Your task is to transcribe all of the data below exactly, omitting the images.

[RECORDED INFORMATION — start]

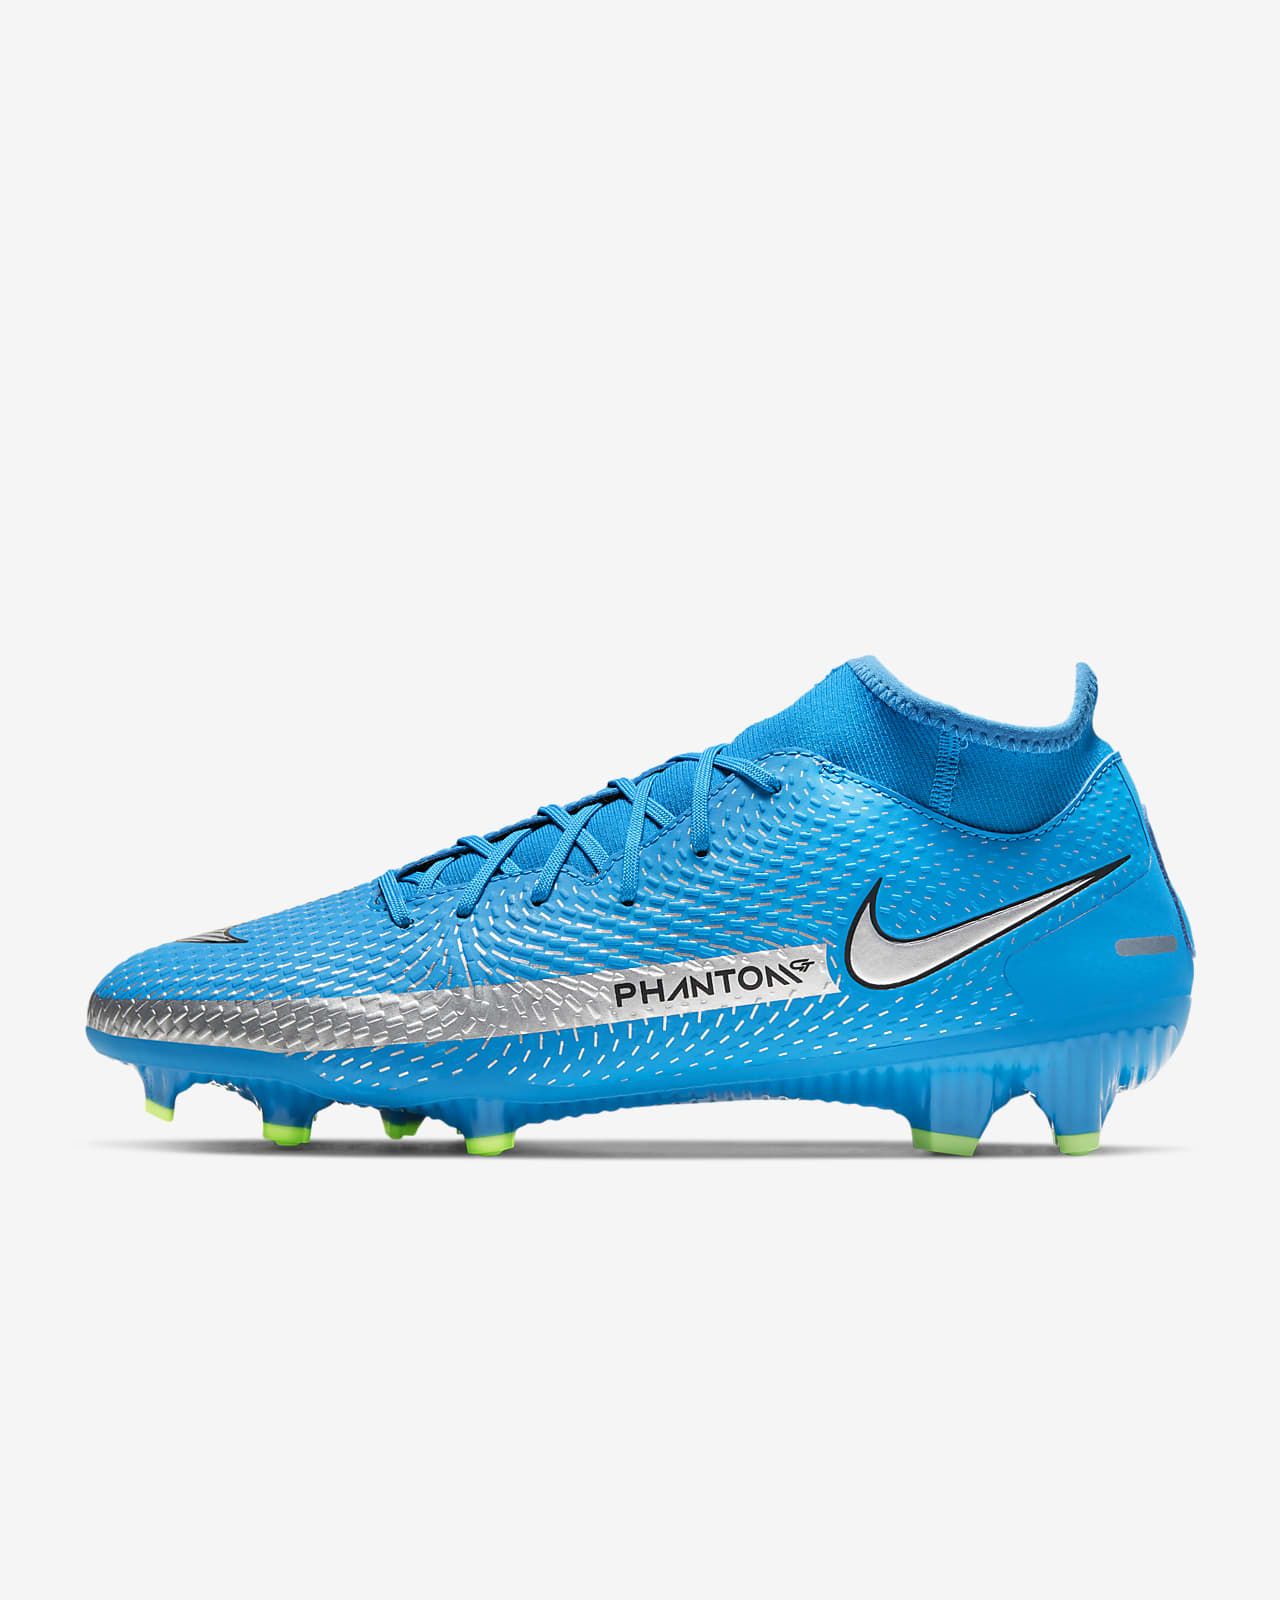 Calzado de fútbol para múltiples superficies Nike Phantom GT Academy Dynamic Fit MG
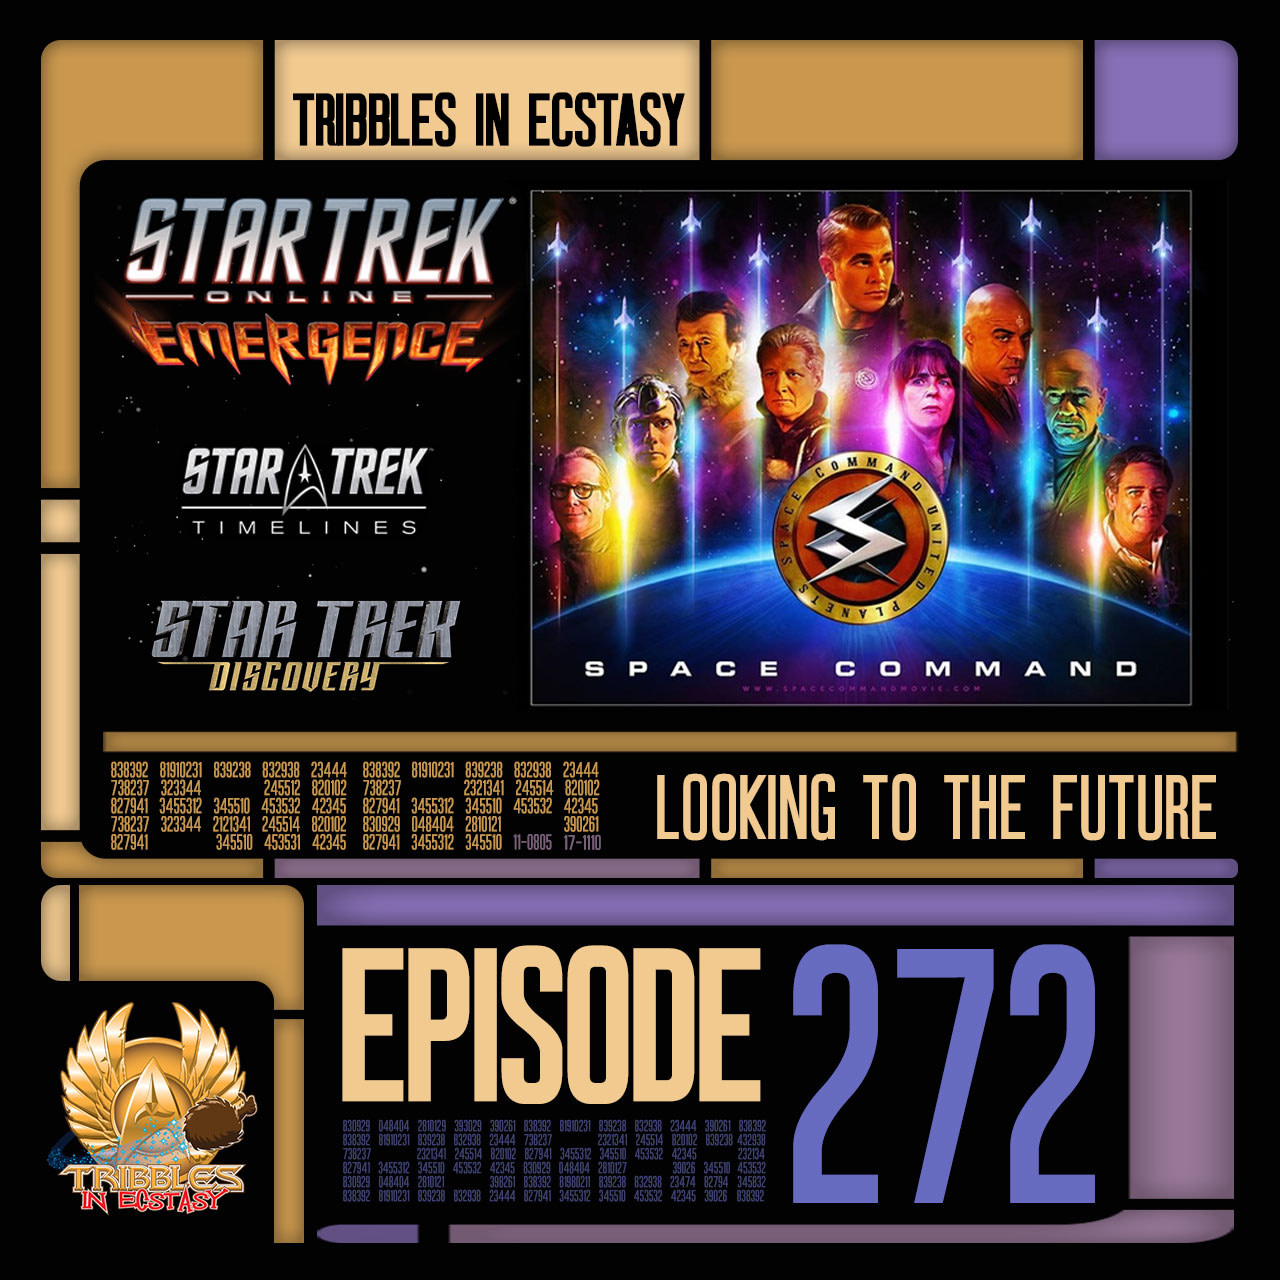 Tribbles in Ecstasy Episode 272
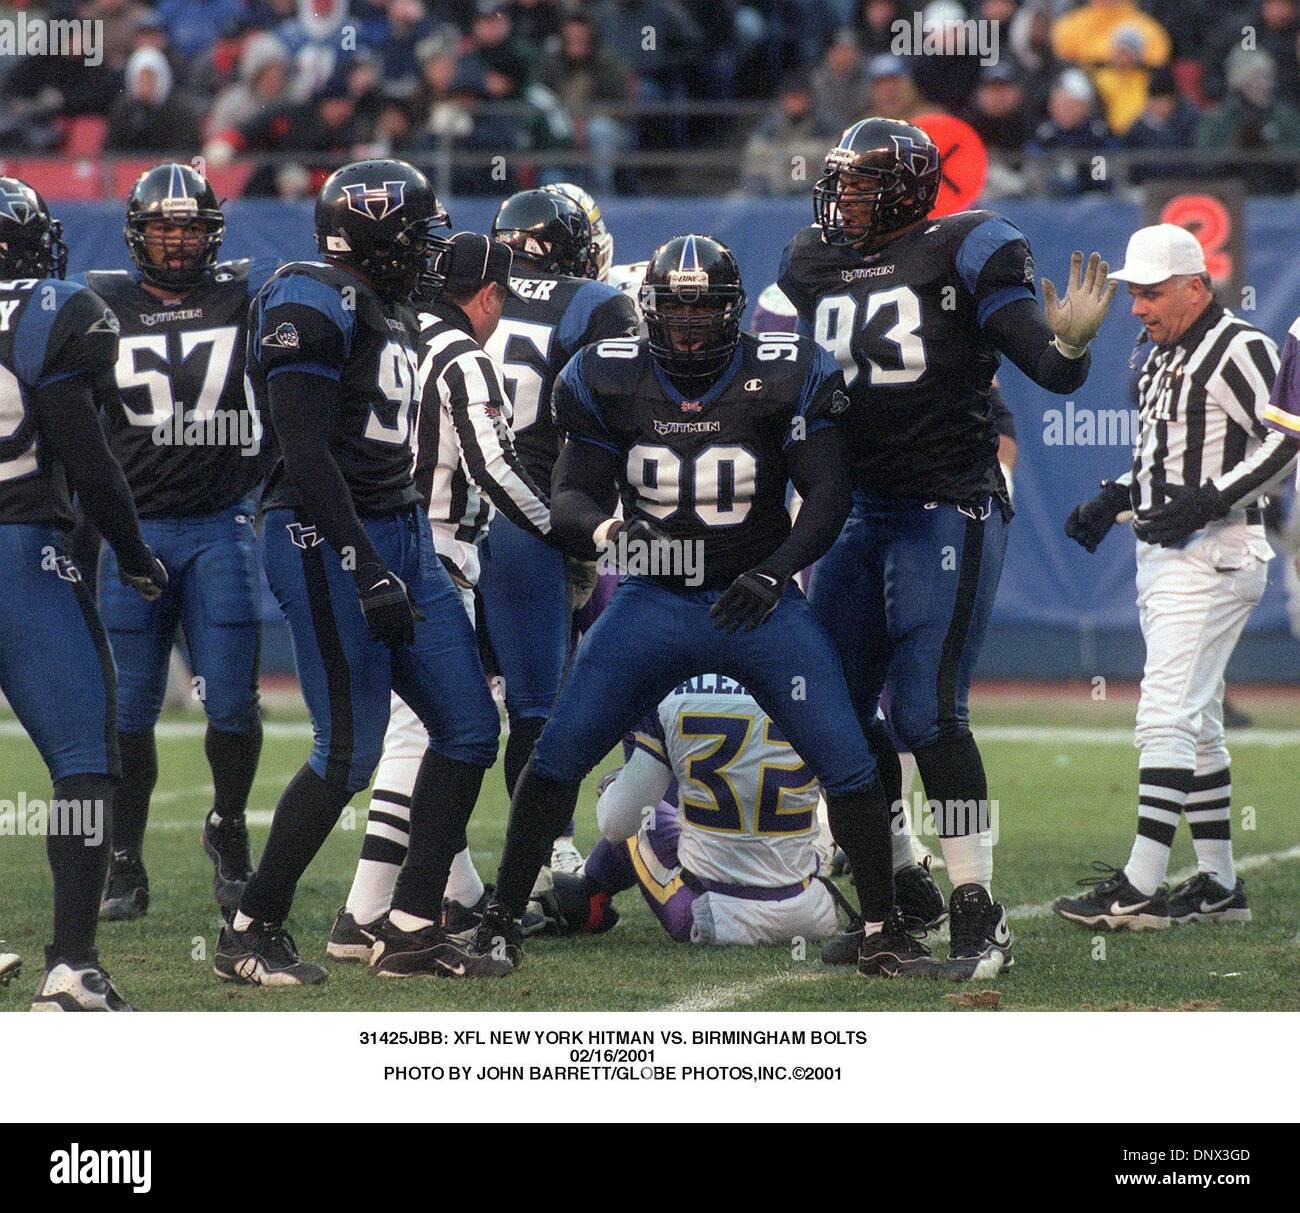 Feb. 16, 2001 - 31425JBB: XFL NEW YORK HITMAN VS. BIRMINGHAM BOLTS.02/16/2001. JOHN BARRETT/   2001(Credit Image: © Globe Photos/ZUMAPRESS.com) Stock Photo

[RECORDED INFORMATION — finish]

## REPLY TO THE TASK
 Calzado de fútbol para múltiples superficies Nike Phantom GT Academy Dynamic Fit MG
 Tribbles in Ecstasy Episode 272
 Feb. 16, 2001 - 31425JBB: XFL NEW YORK HITMAN VS. BIRMINGHAM BOLTS.02/16/2001. JOHN BARRETT/   2001(Credit Image: © Globe Photos/ZUMAPRESS.com) Stock Photo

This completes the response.